* THE PROBLEM *
Leave the pictures behind and reproduce every line of the listing exactly.

===== DATASET SECTION

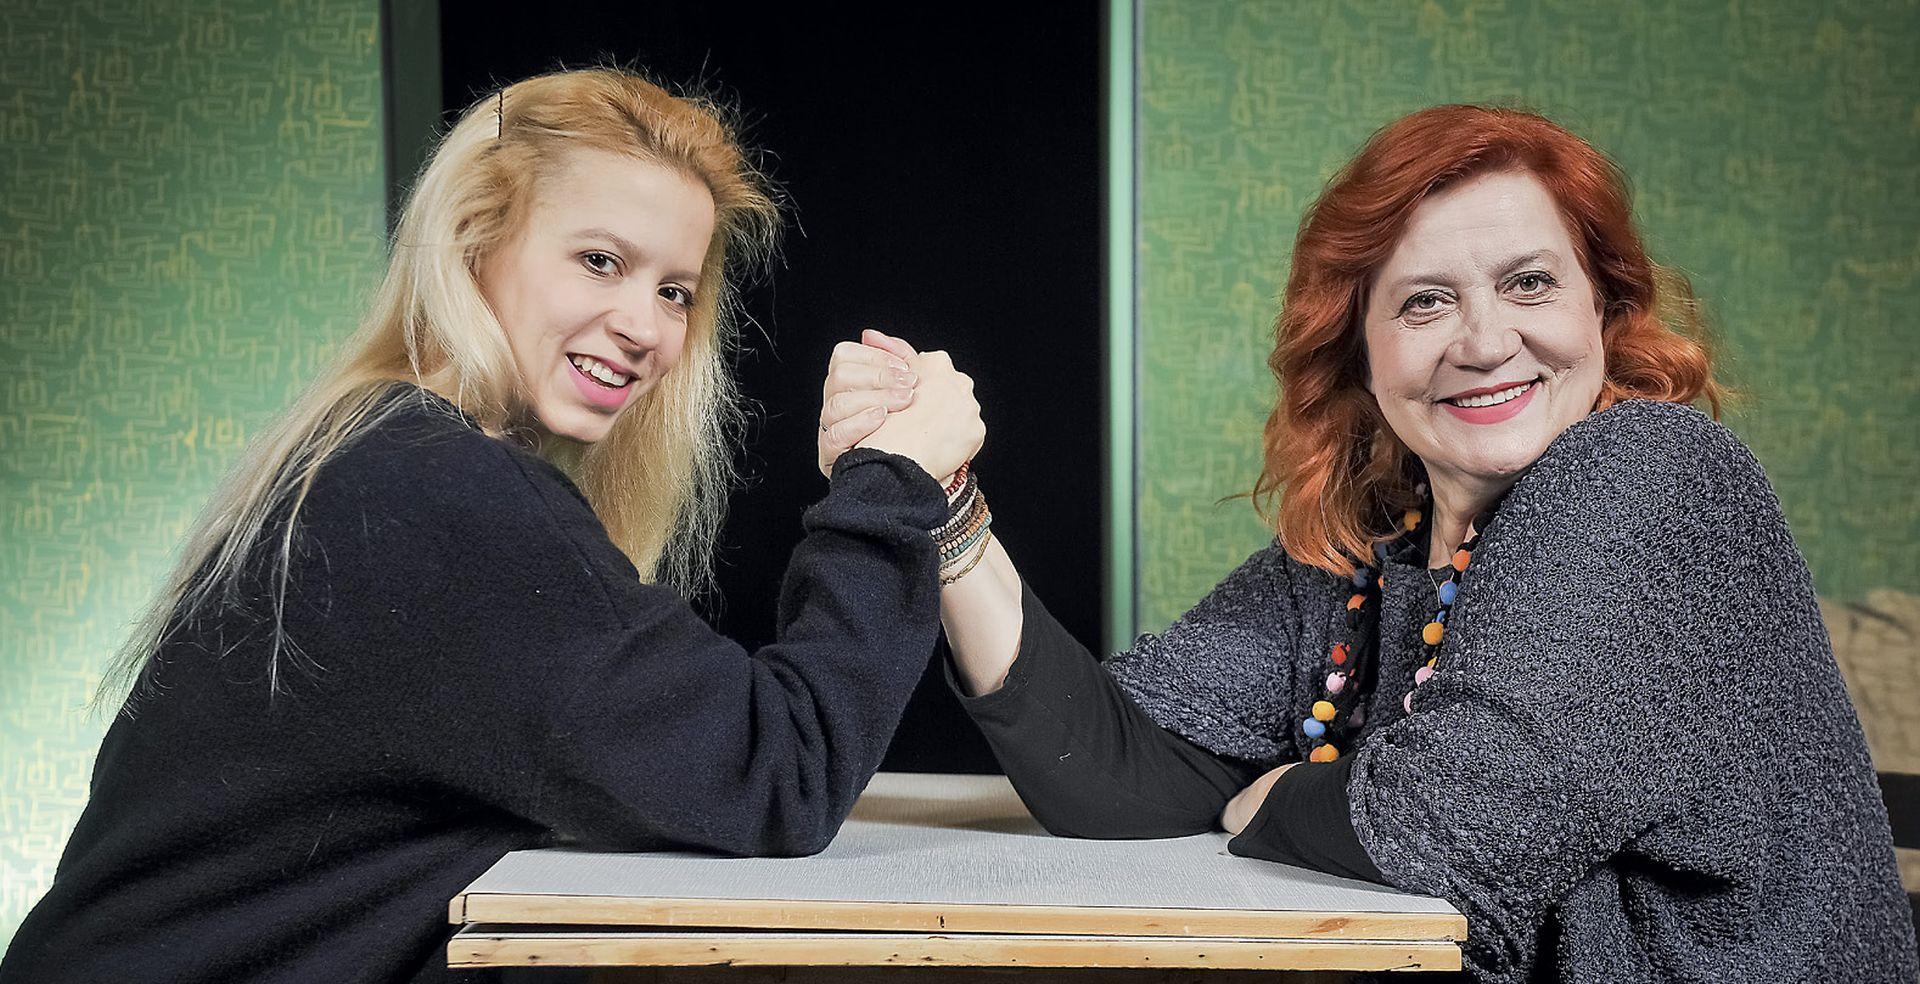 Glumački obračun majke i kćeri na pozornici
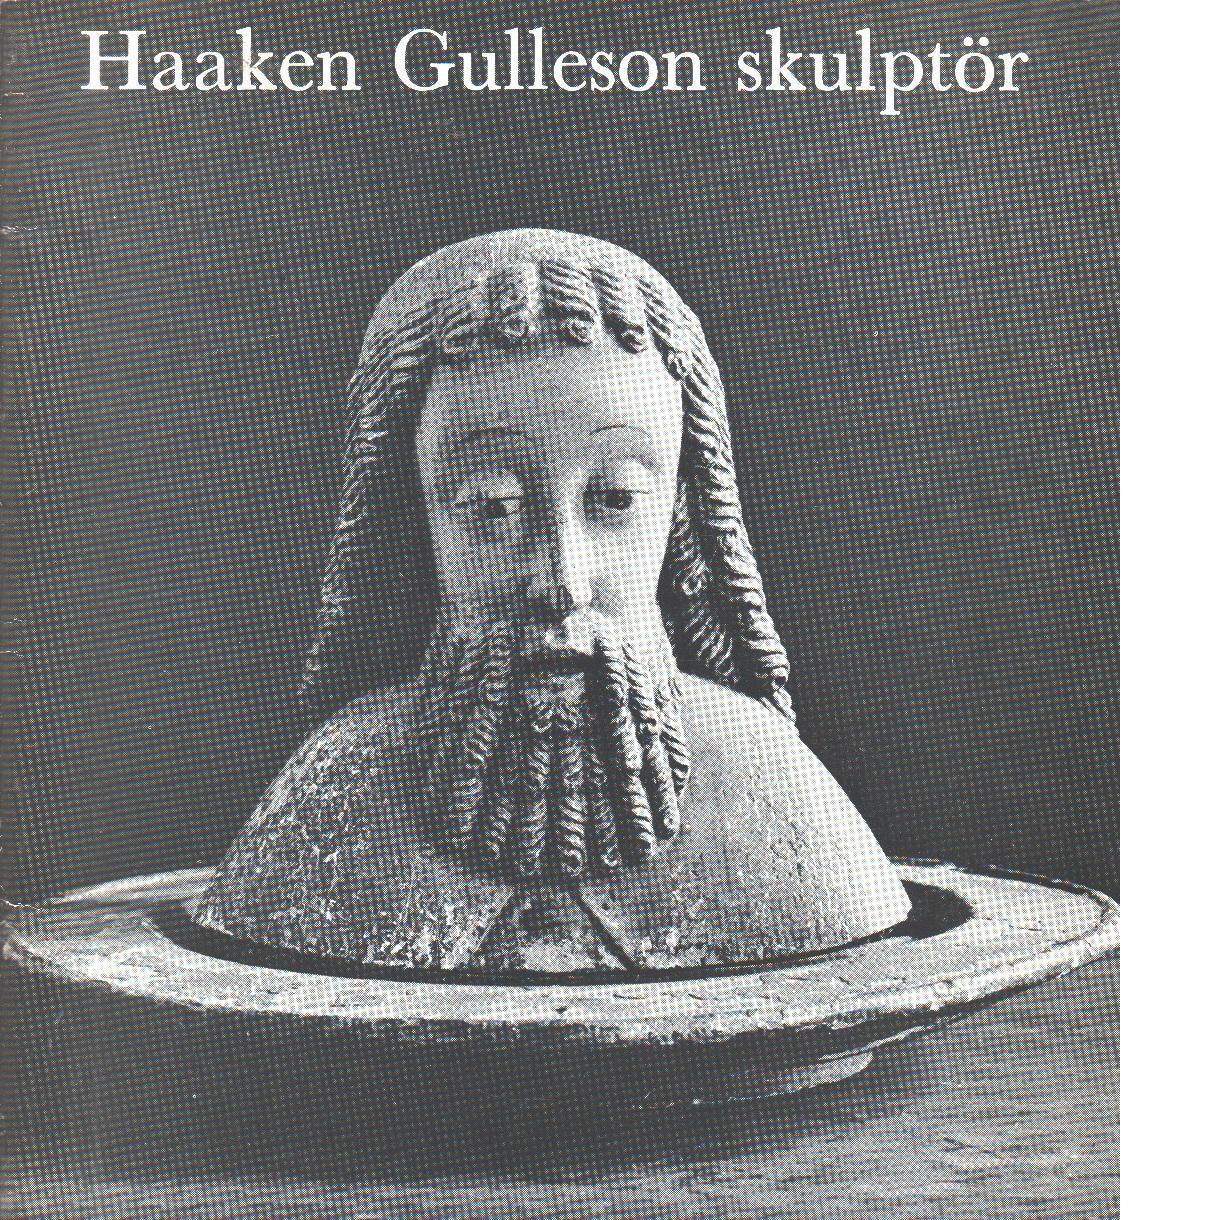 Haaken Gulleson skulptör - Swartling, Ingrid
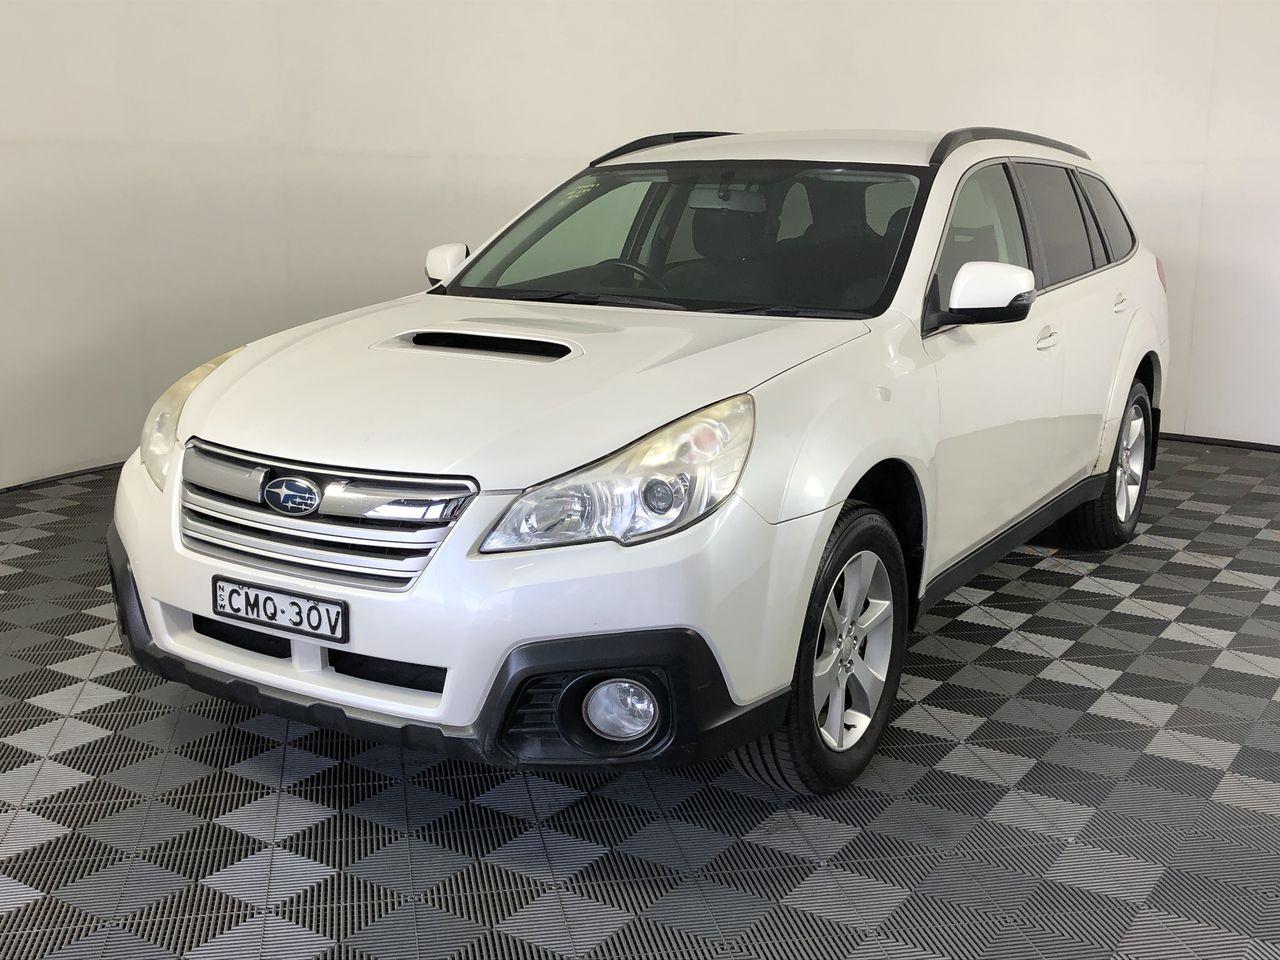 2013 Subaru Outback 2.0D B5A Turbo Diesel CVT Wagon

==========

* SOLUTION FOR THIS EXERCISE *
 Glumački obračun majke i kćeri na pozornici
 Haaken Gulleson skulptör - Swartling, Ingrid
 2013 Subaru Outback 2.0D B5A Turbo Diesel CVT Wagon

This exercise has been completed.